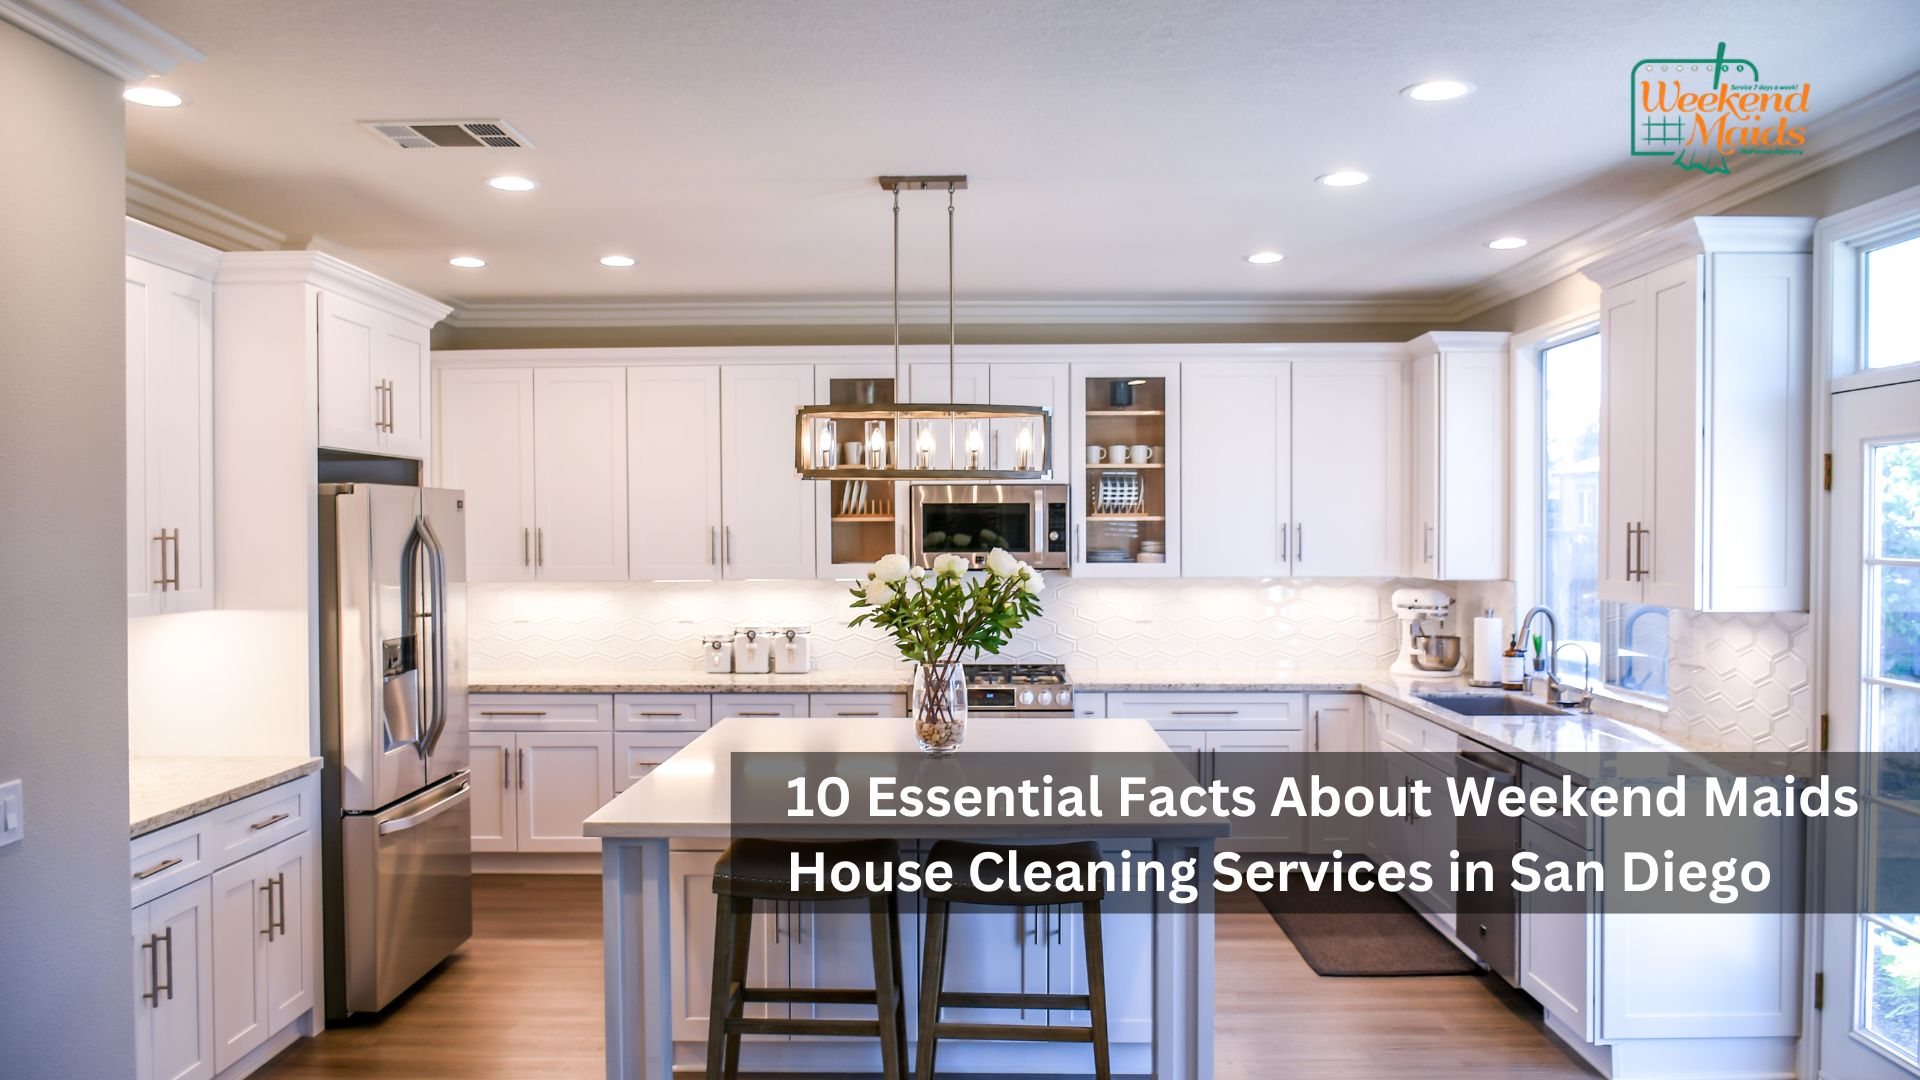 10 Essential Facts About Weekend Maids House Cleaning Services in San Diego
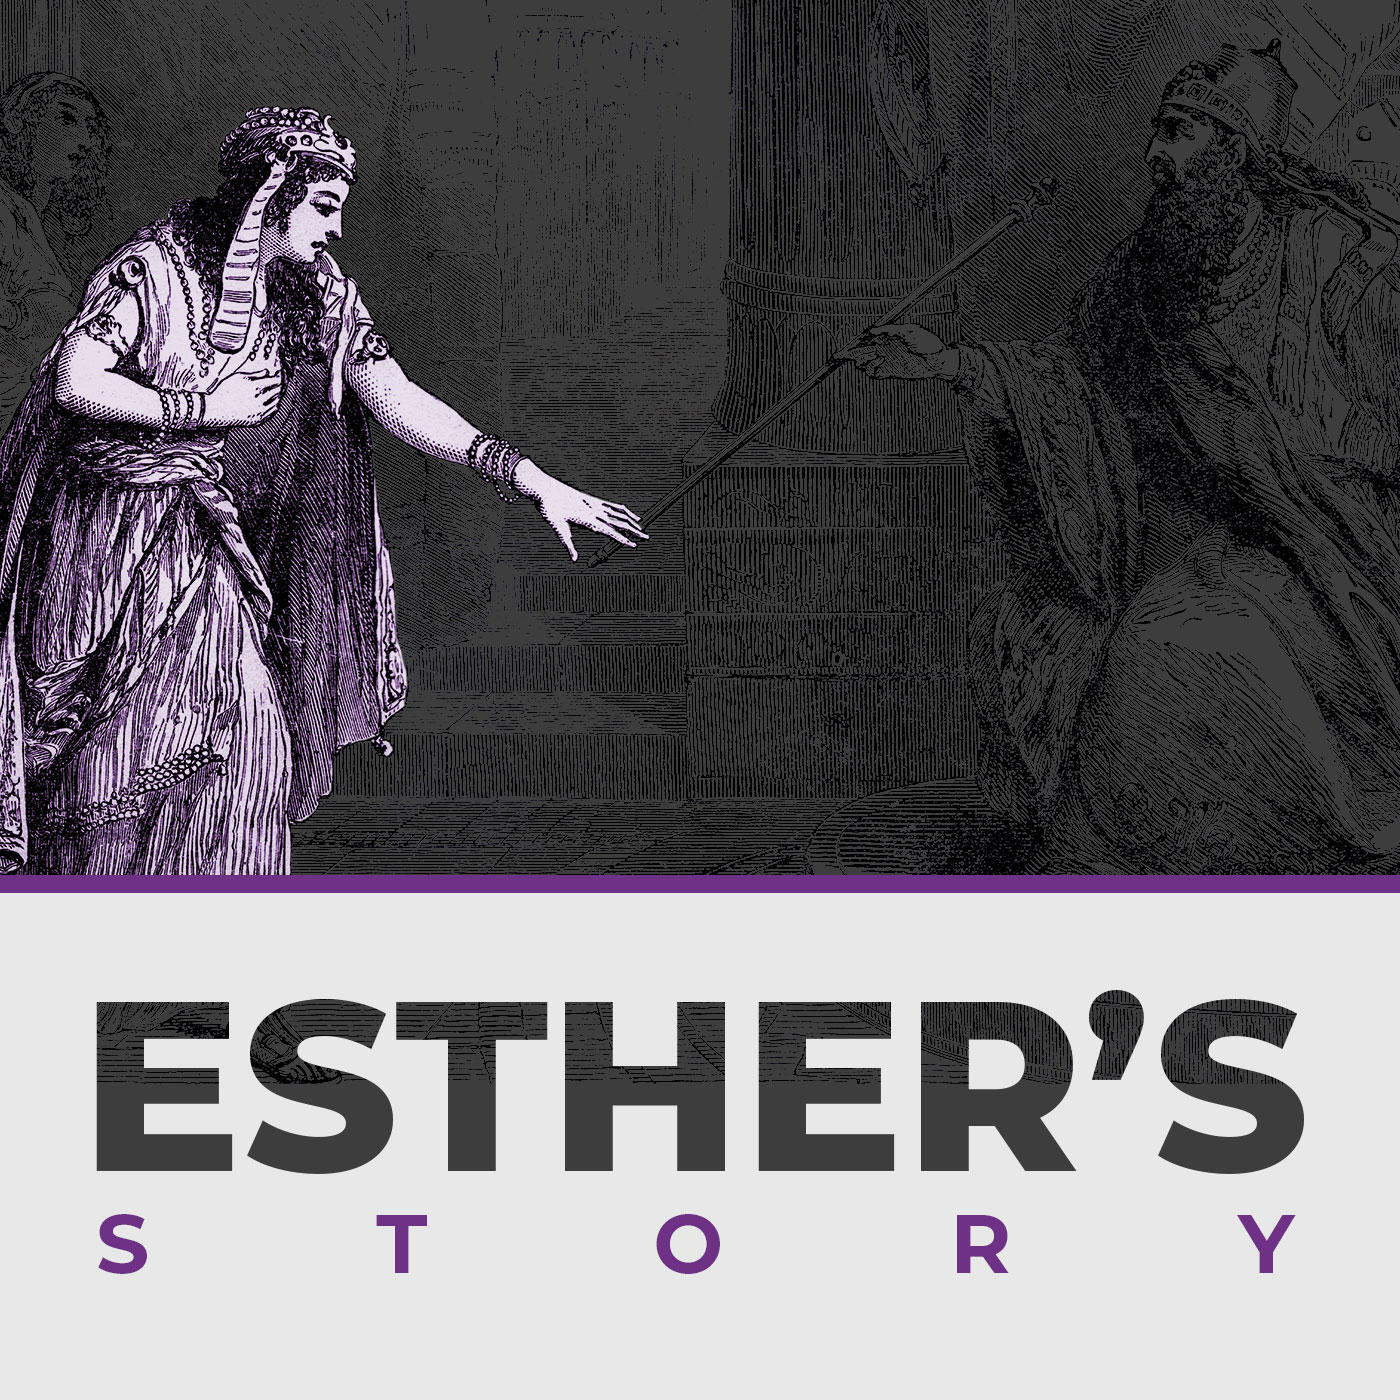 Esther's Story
--
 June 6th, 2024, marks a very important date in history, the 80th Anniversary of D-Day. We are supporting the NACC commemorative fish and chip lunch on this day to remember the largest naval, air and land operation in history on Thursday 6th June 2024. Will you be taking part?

-- WHAT YOU HAVE TO DO --
Set the pictures aside and retype exactly the lines above from the line with "10 Essential Facts" to the line with "Esther's Story", both included, adding no others.

-- ANSWER BOX --
 10 Essential Facts About Weekend Maids House Cleaning Services in San Diego
 Esther's Story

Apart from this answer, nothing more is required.